Required work: Only the text belongs in the copy. Transcribe the data exactly and drop any pictures.

Information provided:
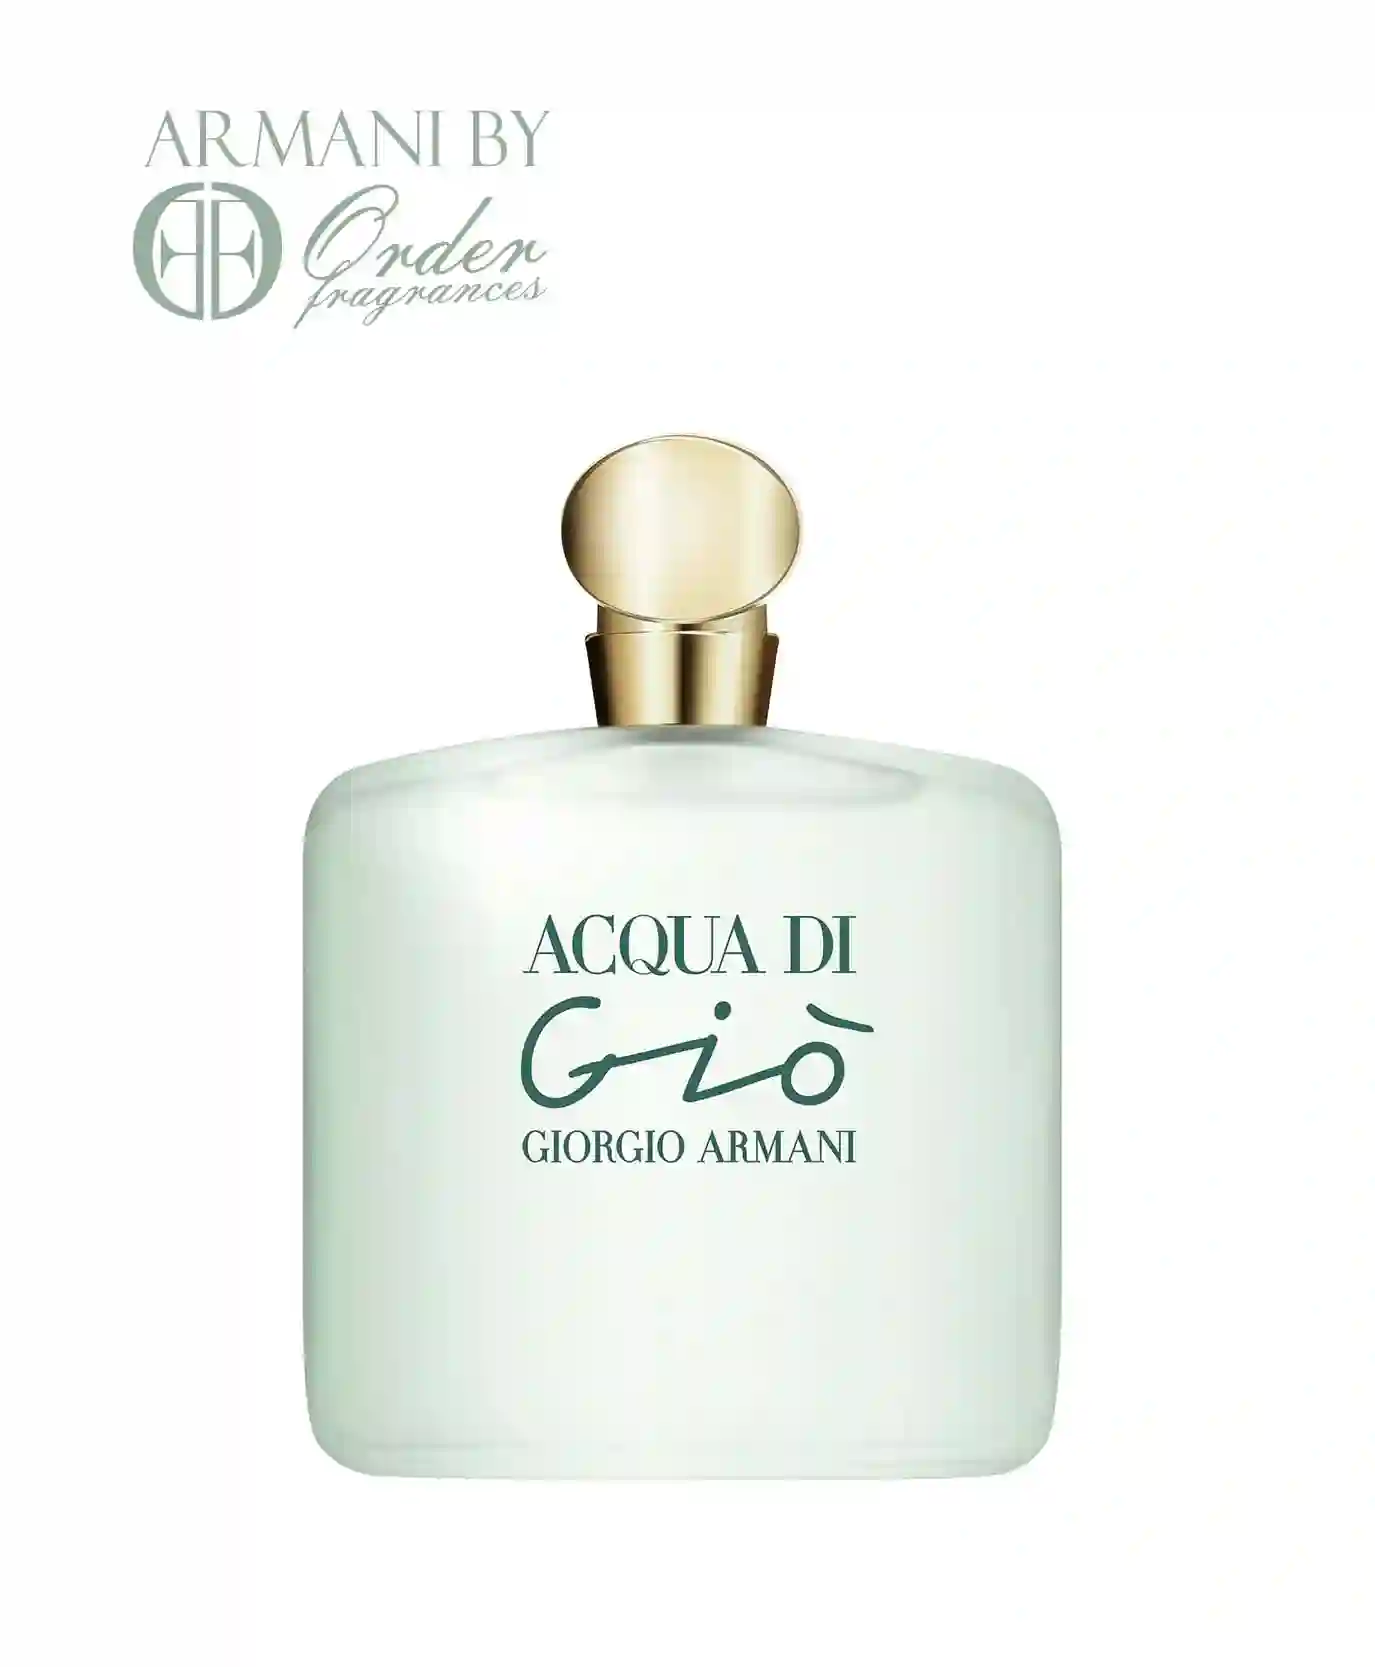 GIORGIO ARMANI Acqua Di Gio Perfume for Women. Eau De Toilette Spray 3.4 oz100 Ml
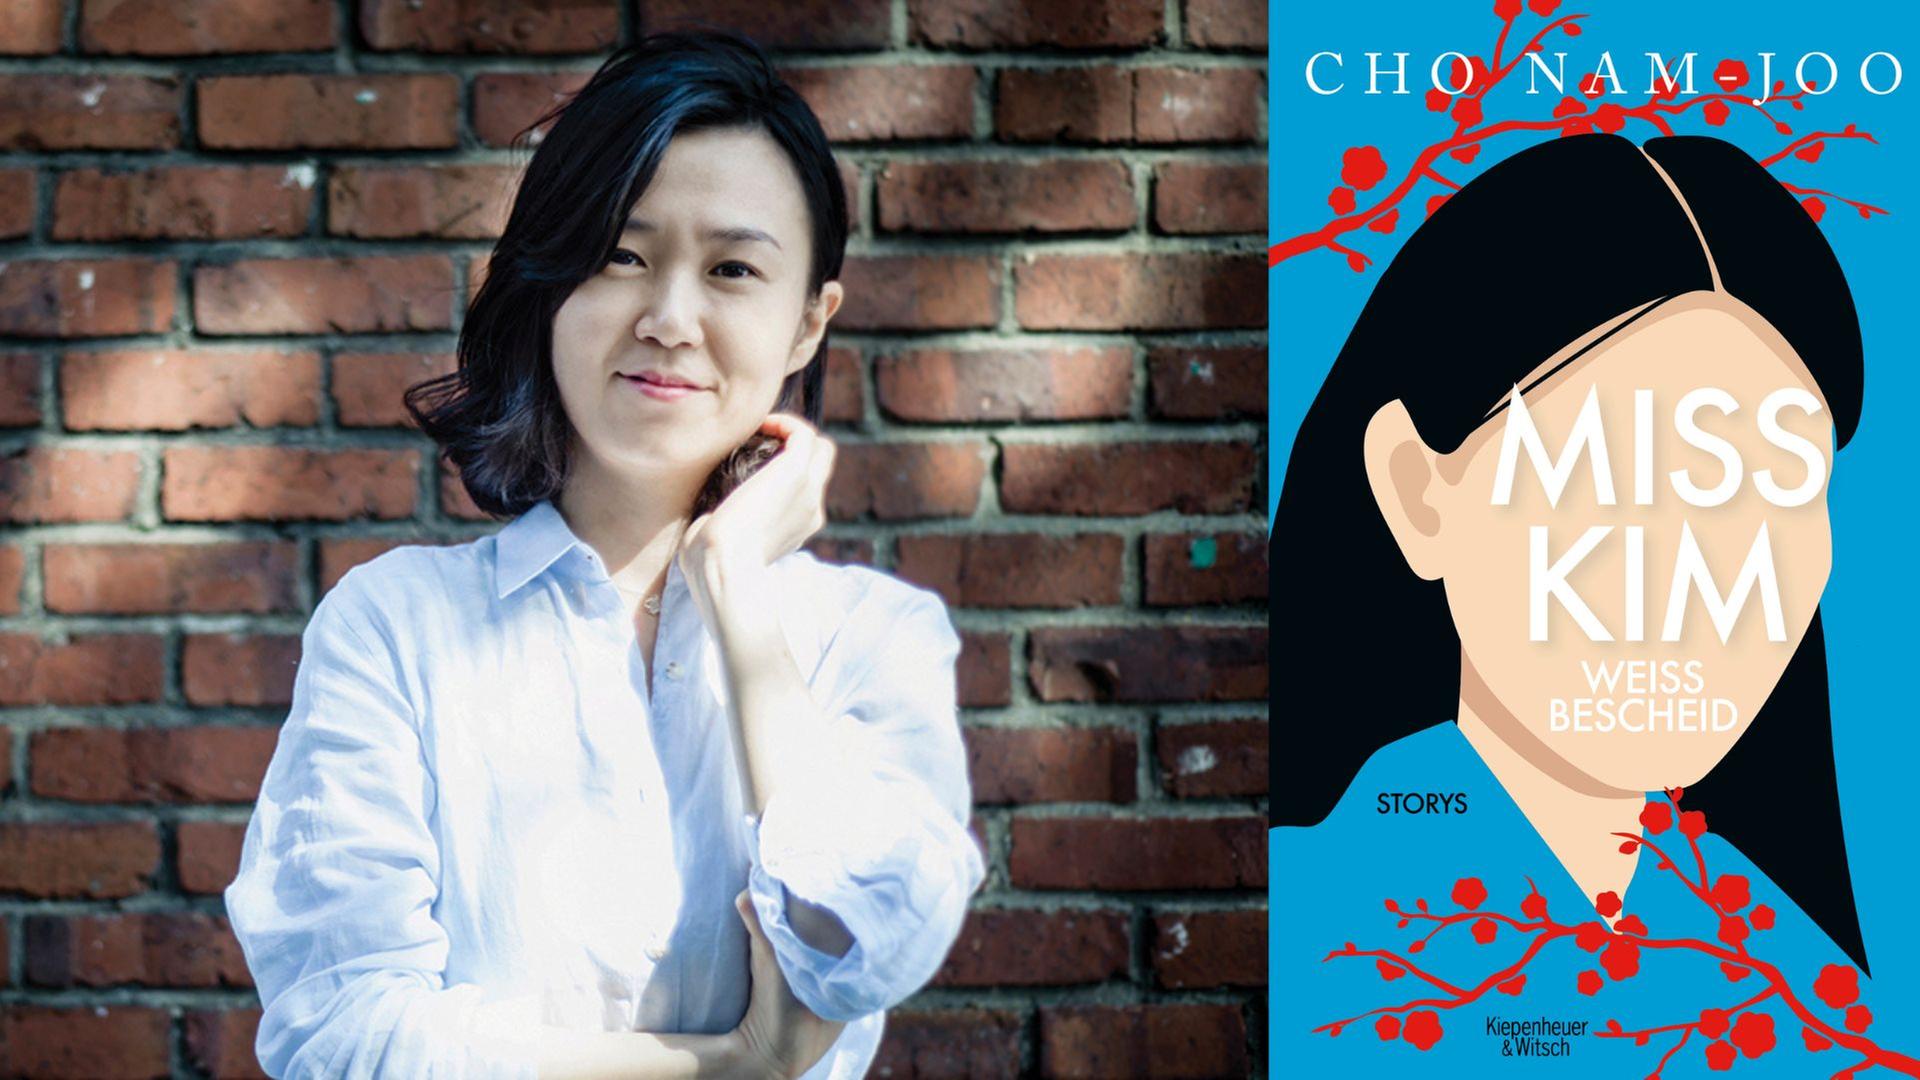 Cho Nam-Joo: "Miss Kim weiß Bescheid"
Zu sehen sind die Autorin und das Buchcover

Output of the exercise:
 GIORGIO ARMANI Acqua Di Gio Perfume for Women. Eau De Toilette Spray 3.4 oz100 Ml
 Cho Nam-Joo: "Miss Kim weiß Bescheid"
Zu sehen sind die Autorin und das Buchcover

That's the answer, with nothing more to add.